Rediscovering the delights of C

The last few months have been an interesting journey for me. Not only have I been having loads of fun (and quite a few late nights) with my Raspberry Pi experimentations, but I have also been spending my working days programming in C. It came as a bit of a surprise when I was first approached to do this work, as I my career had taken me out of C into C++ for several years, Java for over a decade, then a bit of Ruby for a while.

I must say, though, that I have been really enjoying working with C. It’s a much simpler language, and does require some extra effort for things which might be relatively simple in a more modern language, but this simplicity has a lot of benefits. Once you get your head round the essential concepts and the small number of “gotchas”, nothing is much more complex than any other. I have been working on a system which could be considered as half way between an embedded system and an enterprise component. The embedded nature of the project means that “build it yourself” is an acceptable (and often very wise) choice when compared with using a complex, general purpose, and potentially flaky, third part component. The enterprise nature creeps in with the use of networks and standard protocols to communicate with the many other parts of the overall system.

As a classic example of this, today I spent my time exploring the feasibility of adding a web server into the mix, but rather than treat it as a complex problem and reach for some existing software, I started from an empty C source file and built a basic web server from scratch. After a few hours I was happily talking to the fresh server using firefox and a simple client I had built, and progressing to add dynamic attachment of code to URL paths. All using only low-level system calls to configure, read, and write network sockets, no third-party components at all.

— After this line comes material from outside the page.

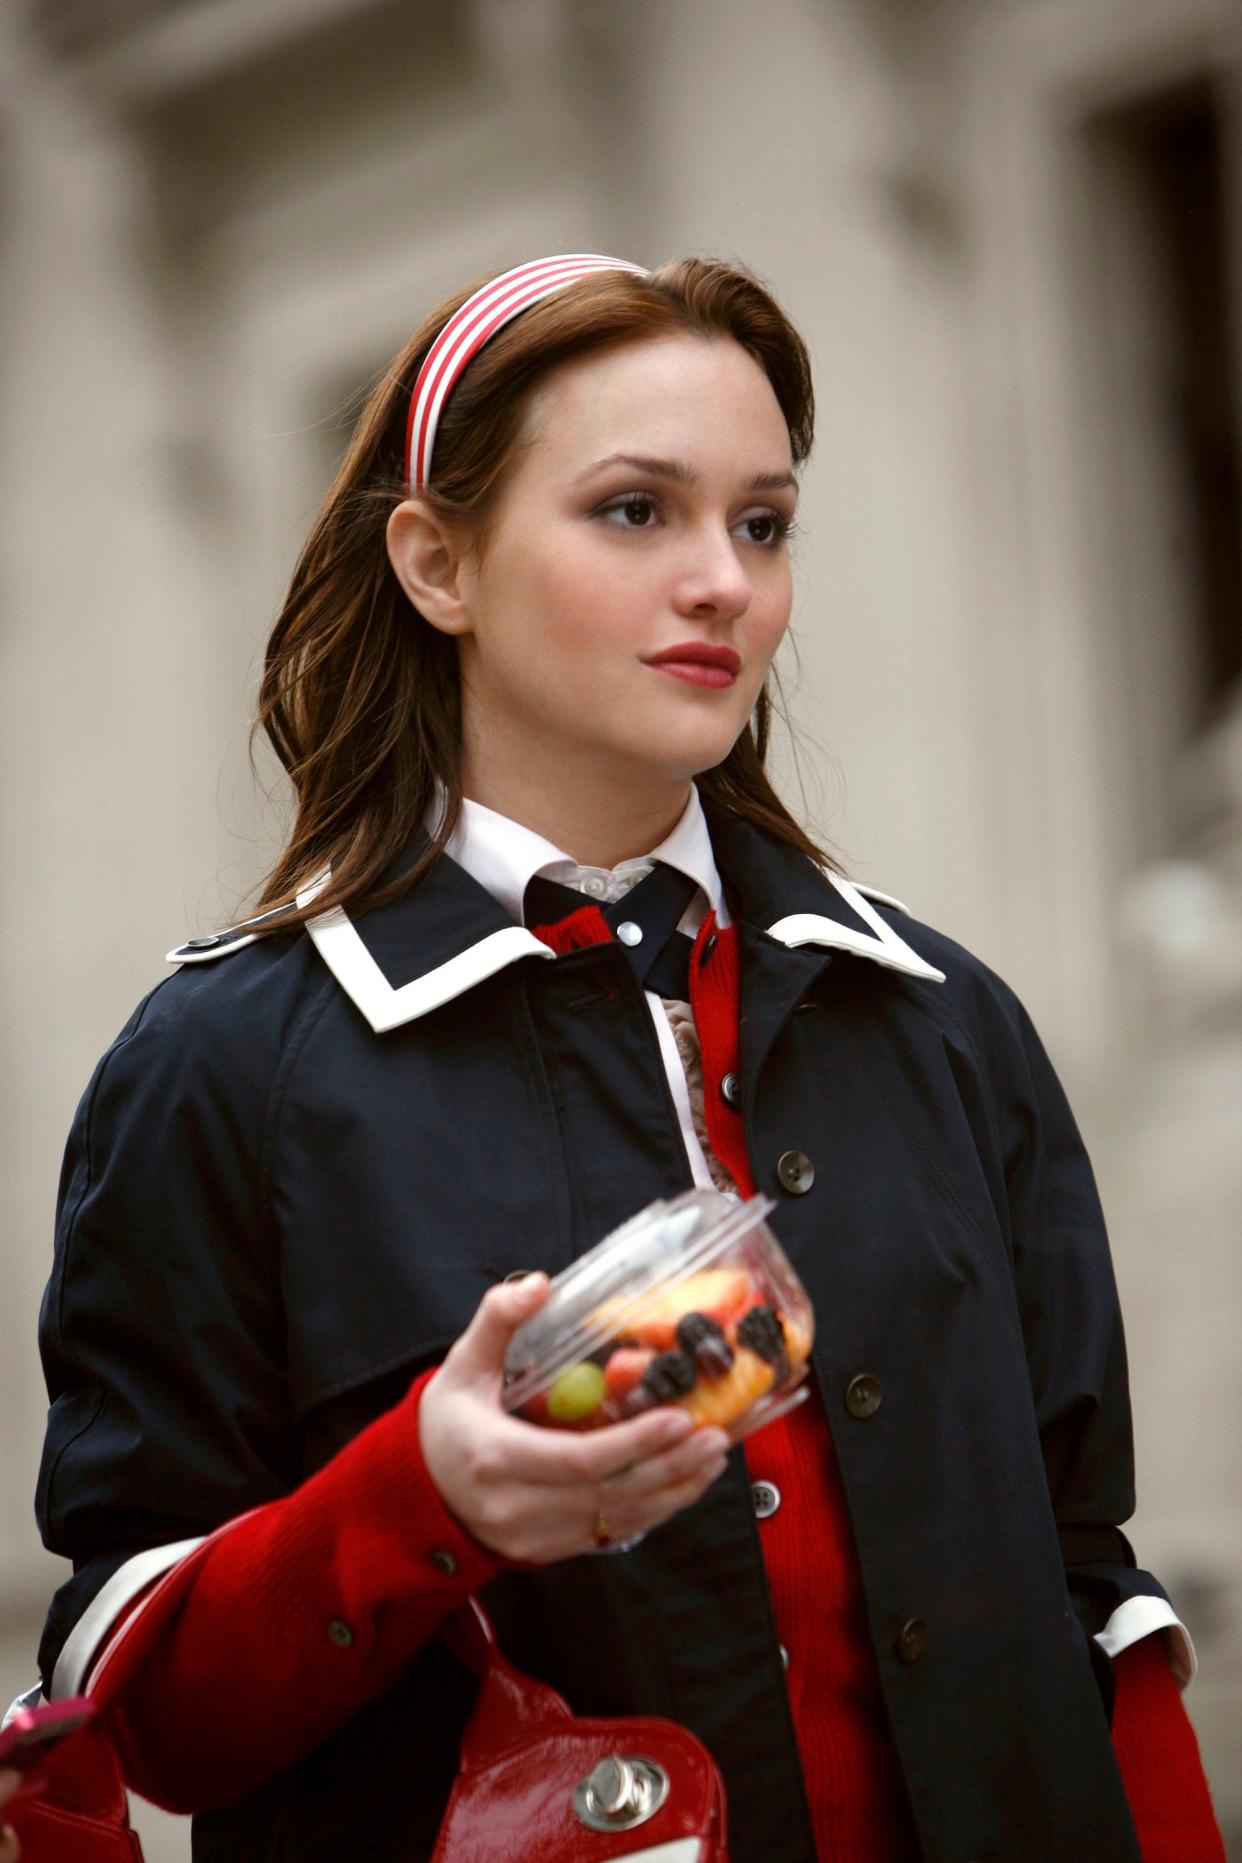 GOSSIP GIRL -- "All About My Brother" -- Pictured: Leighton Meester as Blair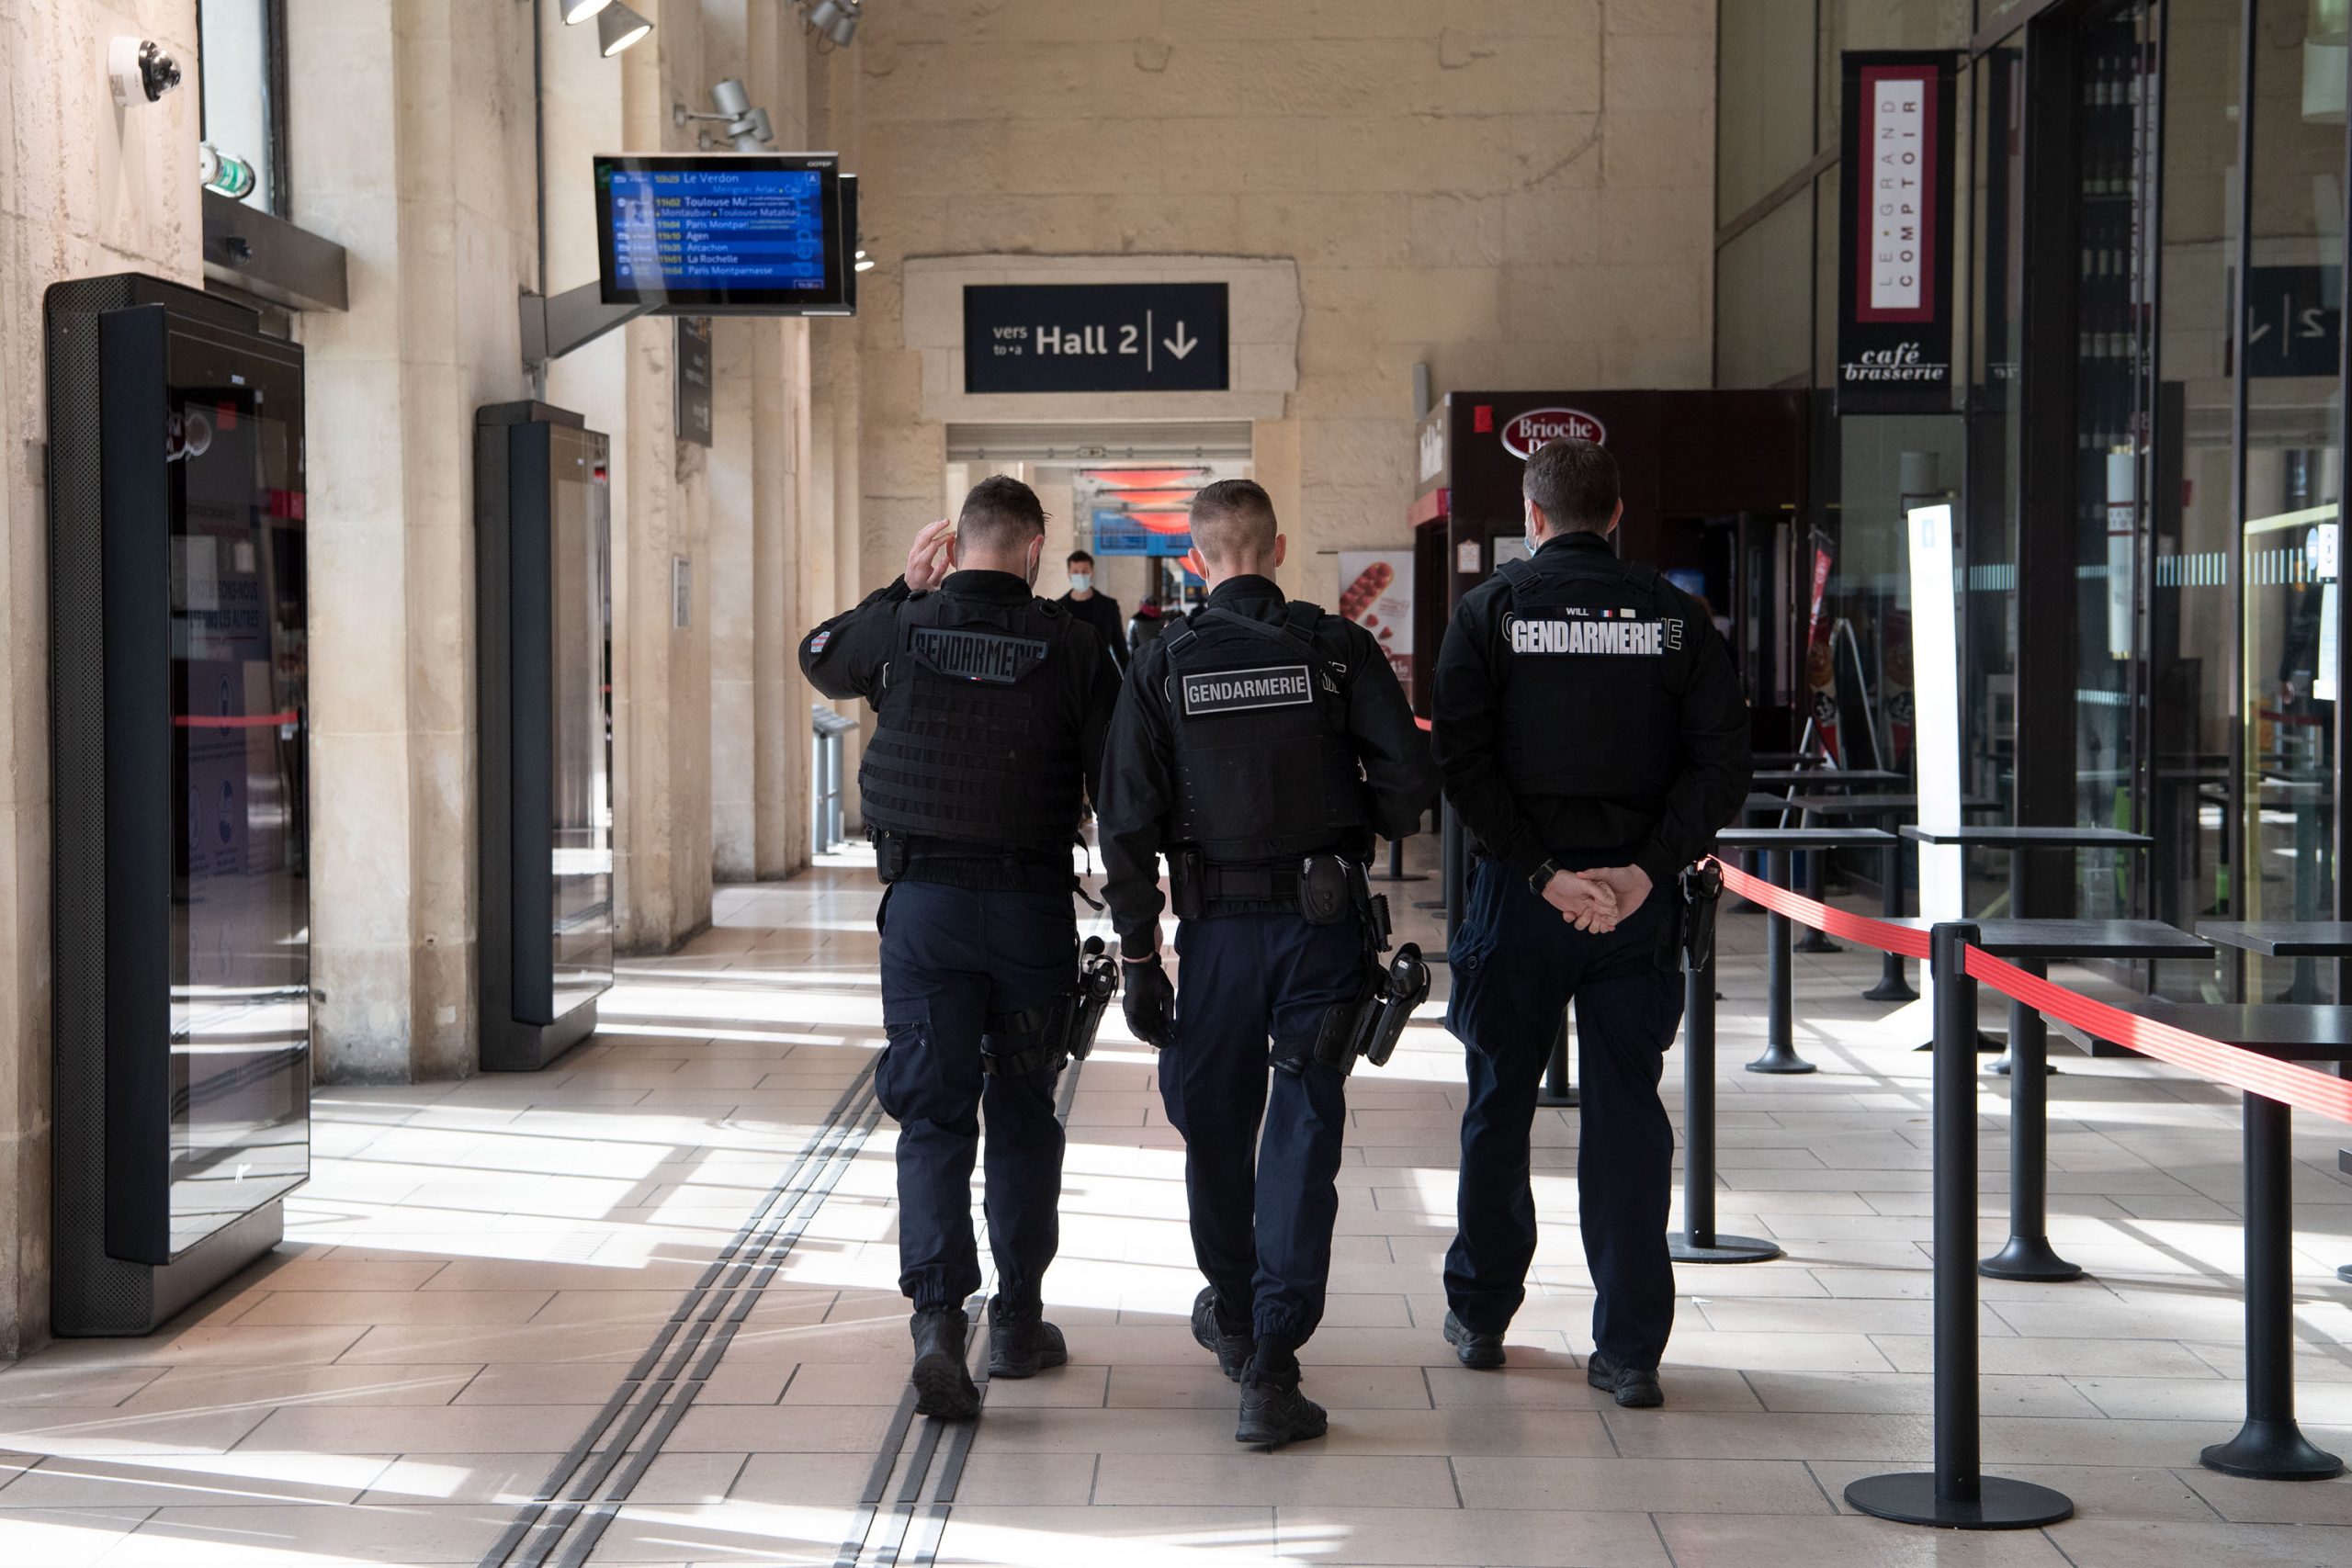 epa09101056 Policemen walk on the platform of Saint-Jean train station in Bordeaux, France, 27 March 2021. French Prime Minister Castex on March 18 announced additional lockdown restrictions in 16 regions of France as the country enters a third wave of the COVID-19 pandemic. With the new measures, more than 90,000 police and gendarmes mobilized for intensified controls in stations, airports and tolls while the health situation is critical with the third wave of coronavirus pandemic and the predominance of the British variant of the virus.  EPA/CAROLINE BLUMBERG

In practice this is just a proof of concept, and may never be incorporated into the system, but I think it goes a long way to show how C doesn’t have to be the scary, complex, and dangerous low-level language it is sometimes painted as.

I see a strong analogy with the Raspberry Pi here. There have been small, relatively low cost development boards on the market for years, but none have caught the public imagination quite like the Raspberry Pi. It’s a fascinating situation, and I have a feeling that it is something to do with the way that, although relatively simple, the raspberry Pi somehow does not seem scary, complex, or fragile. Just fun.